[Work item]
Please print the full listing below exactly, but not the pictures in it.

[Data shown]
□ □ □ □ □

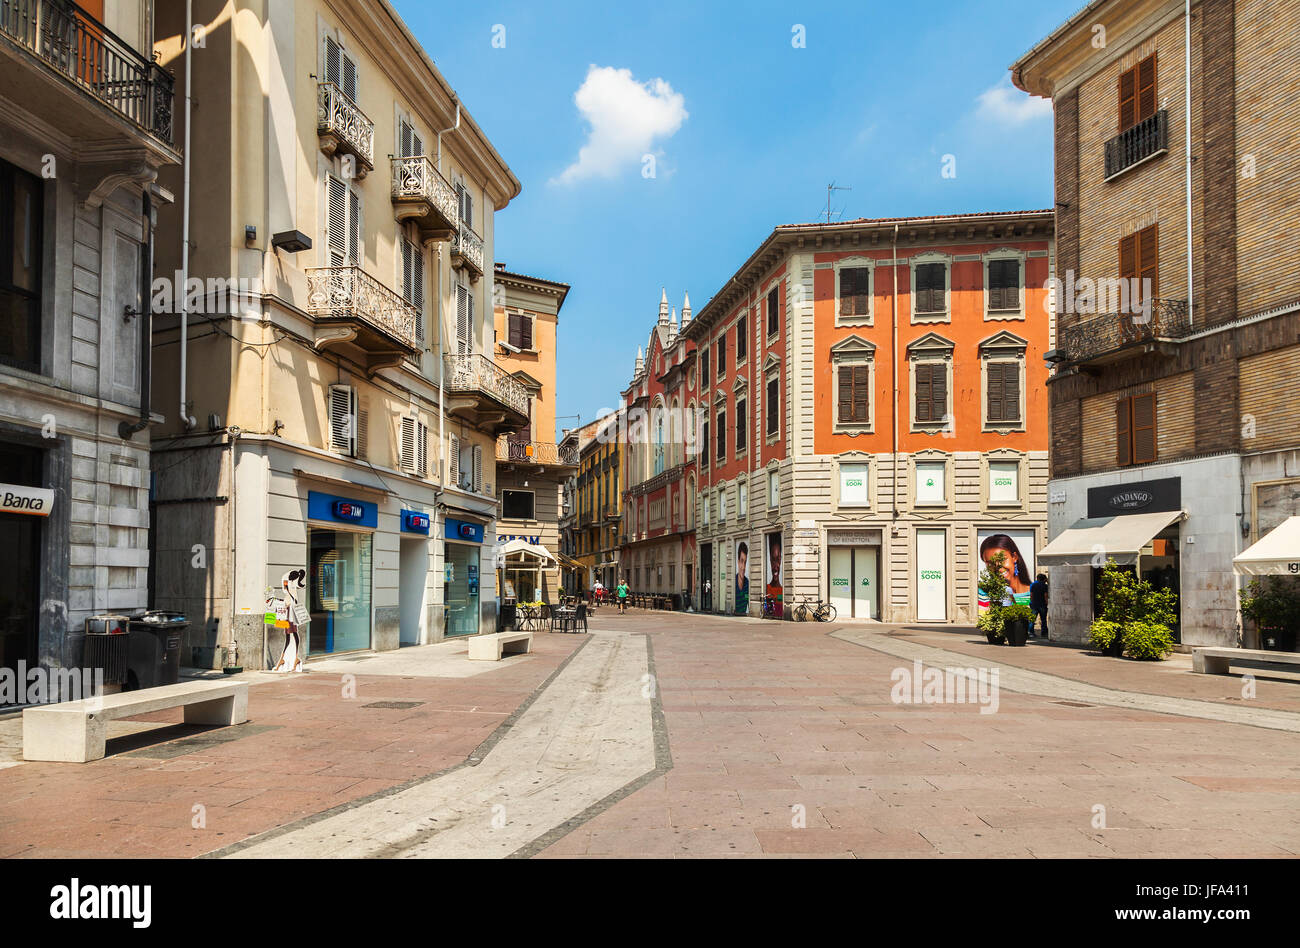 The historic centre of Allesanria, Italy. Stock Photo
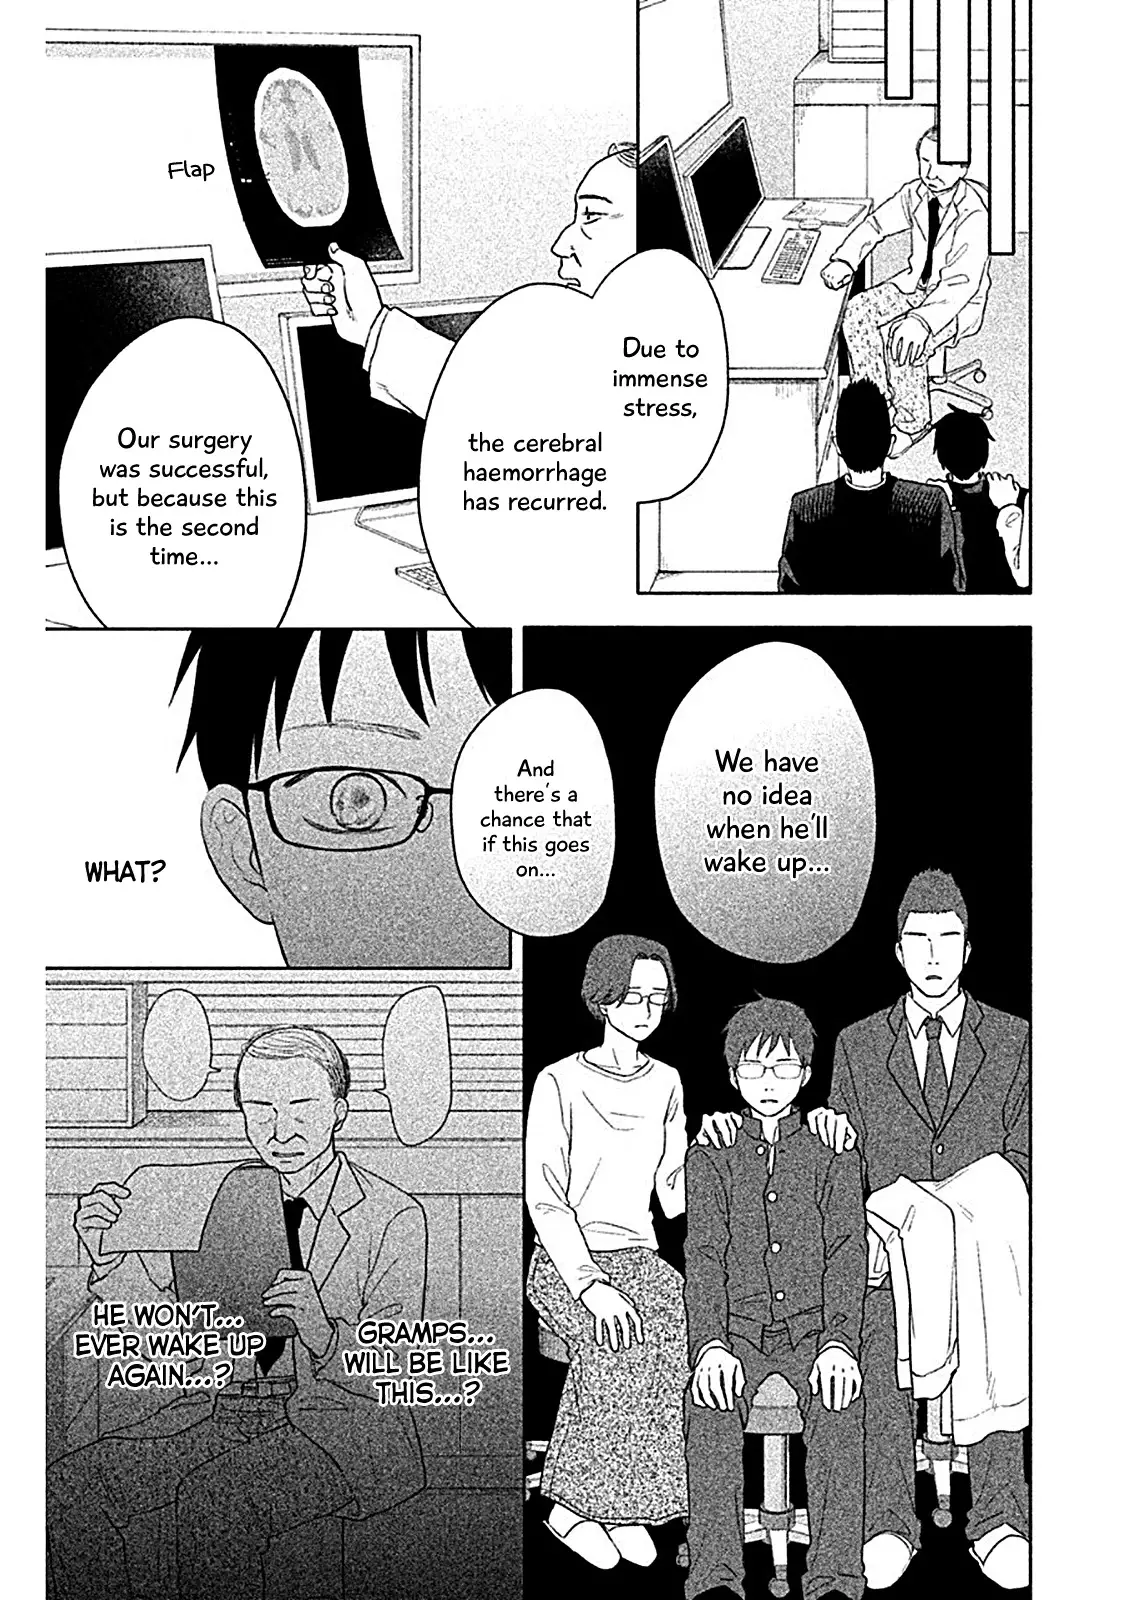 Chihayafuru: Middle School Arc - 7 page 21
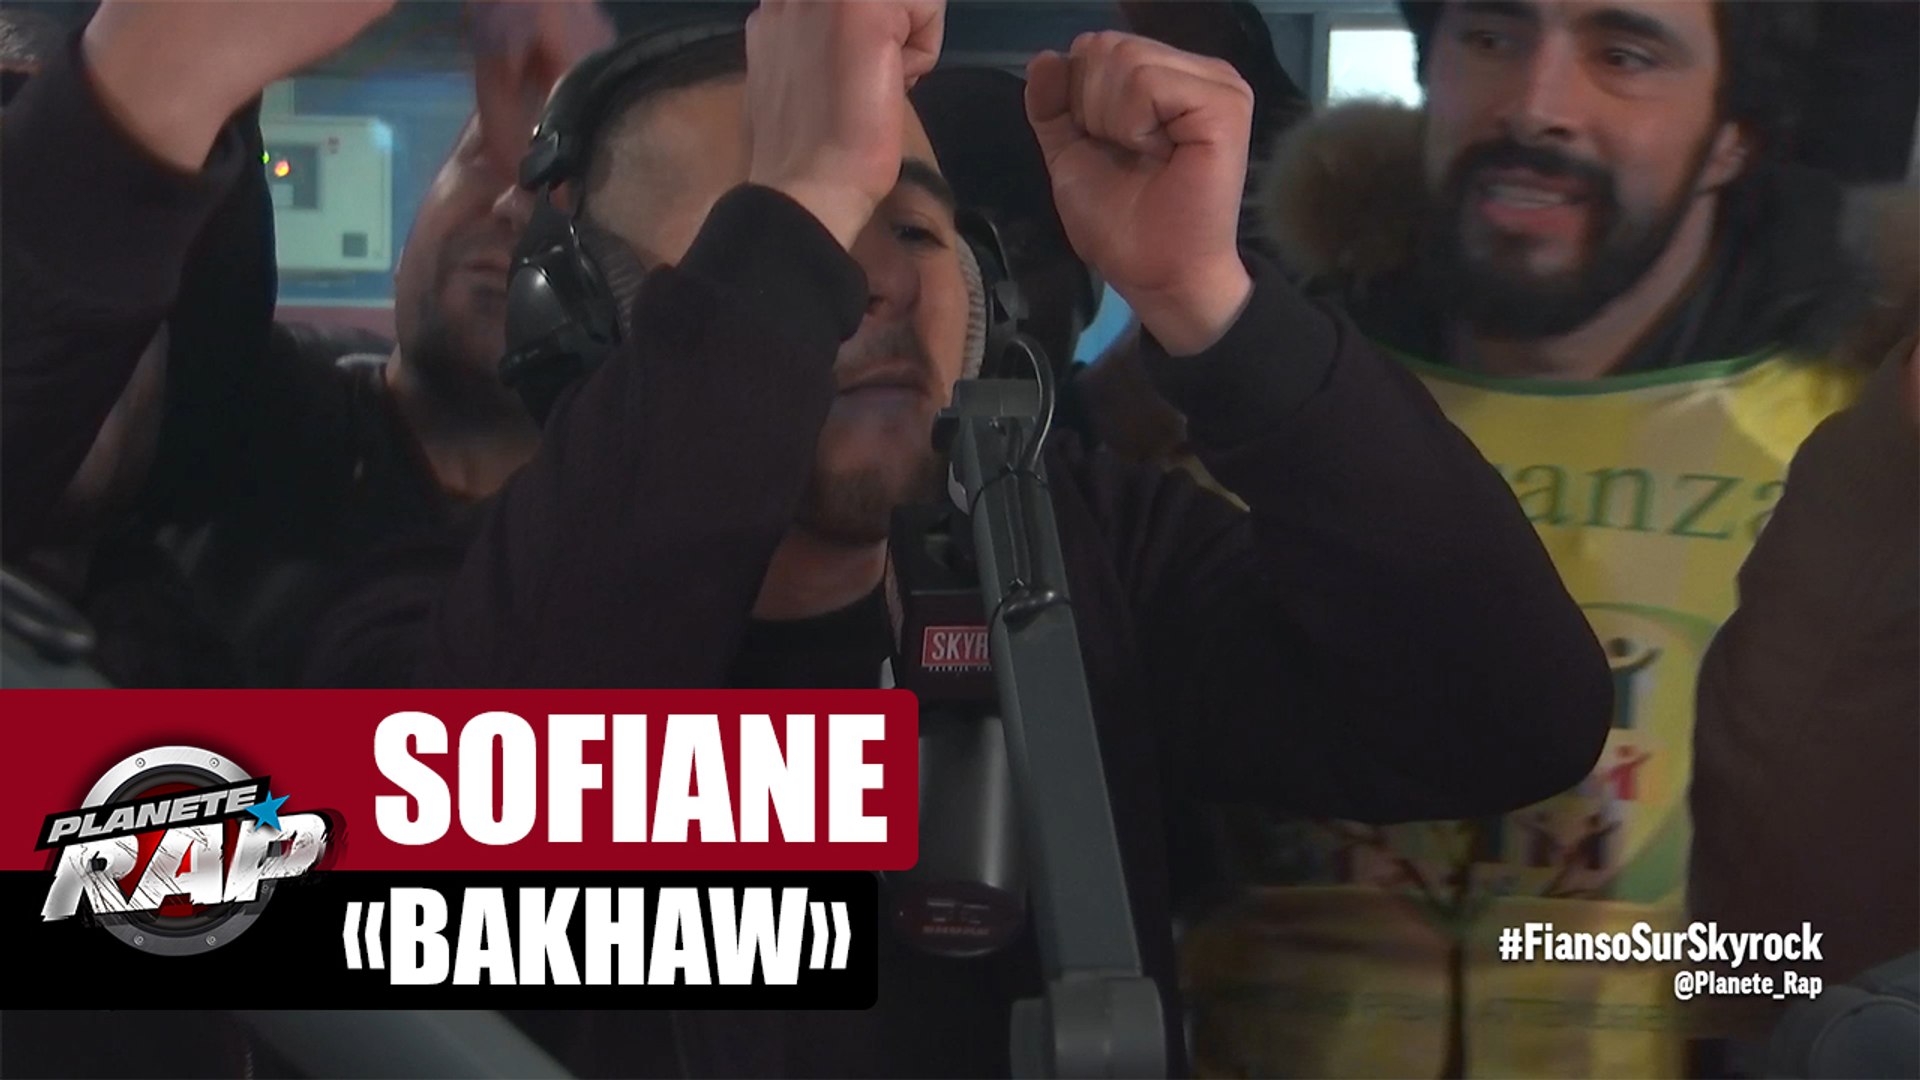 Sofiane "Bakhaw" en live dans Planète Rap - Vidéo Dailymotion

□ □ □ □ □

[Result for this exercise]
 The historic centre of Allesanria, Italy. Stock Photo
 Chihayafuru: Middle School Arc - 7 page 21
 Sofiane "Bakhaw" en live dans Planète Rap - Vidéo Dailymotion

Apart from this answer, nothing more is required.